迟迟鼻头耸动几下,比人类率先闻到一丝焦糊的气息。
“做多了,你们看着吃吧。”里奇粗声说着,嫌卡拉动作慢,不满地放下。
“谢谢你霍普,亲爱的,今天的鱼煎得很香,你以前是最不喜欢吃煎鱼的”梅勒太太语调带着一丝怀念。
“什么霍普什么亲爱的。”
老头沟壑纵深的脸涨得通红,嘴唇动了动,想吼点什么,想到对方认不清人的毛病,又像被一盆水浇熄。
喉头咕哝了几声,最后叹了口气,问卡拉:“基奥娜一家什么时候回来,或许他们回来她病情能好转一点。
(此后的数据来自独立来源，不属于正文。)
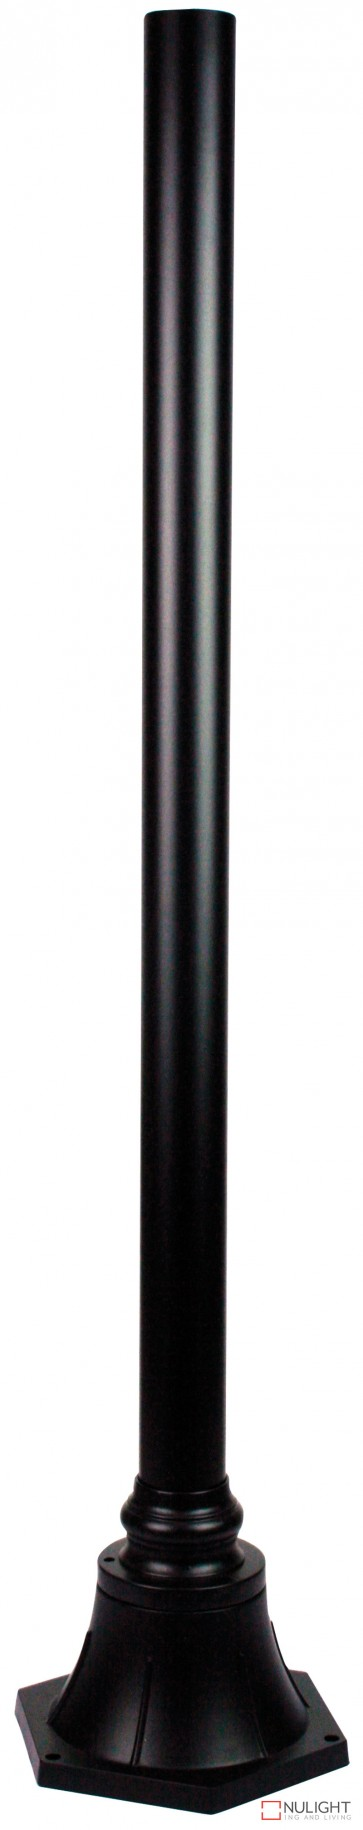 Plumb Post And Flange H1000Mm Black ORI

”
“我不知道他们有没有时间。”卡拉摇摇头,“我会给基奥娜打电话问一下。”
“他们就这么忙!忙!”
院门被摔得震天响,老头气冲冲地走了,梅勒太太有些困惑:“茶还没喝,怎么就这么走了。”
1221对迟迟道:“她惹了个炸药包,就说认不清人的时候最好别叫名字,统称为‘你’就安全多了”
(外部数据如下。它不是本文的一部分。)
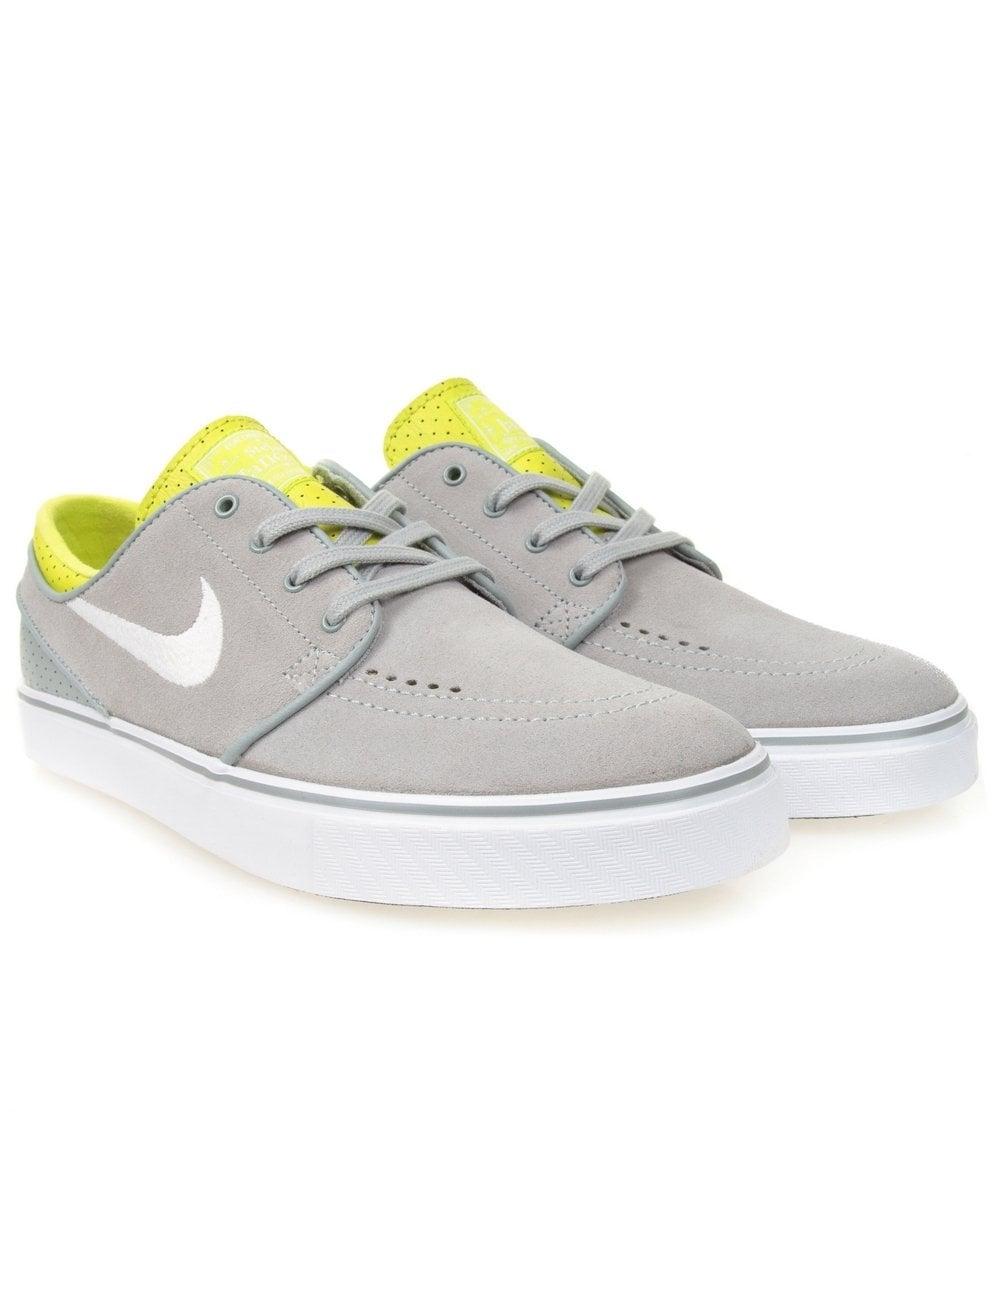 100% authentic 90024 e0b62 Nike SB Zoom Stefan Janoski - Base Grey

“去看看炸药包。”迟迟从摇椅下钻出来,跳上相邻的篱笆墙。
刚进到自家院子的老头在对棕榈叶泄愤,脚边还散落了几片编坏了的小玩意,虎皮鹦鹉歪着脑袋看主人暴躁地继续干活。
“笨蛋,笨蛋里奇。”
“再叫就把你的毛拔光喂野猫。”老头朝虎皮鹦鹉咆哮,“真后悔教你说话。”
“猫来了,猫来了!”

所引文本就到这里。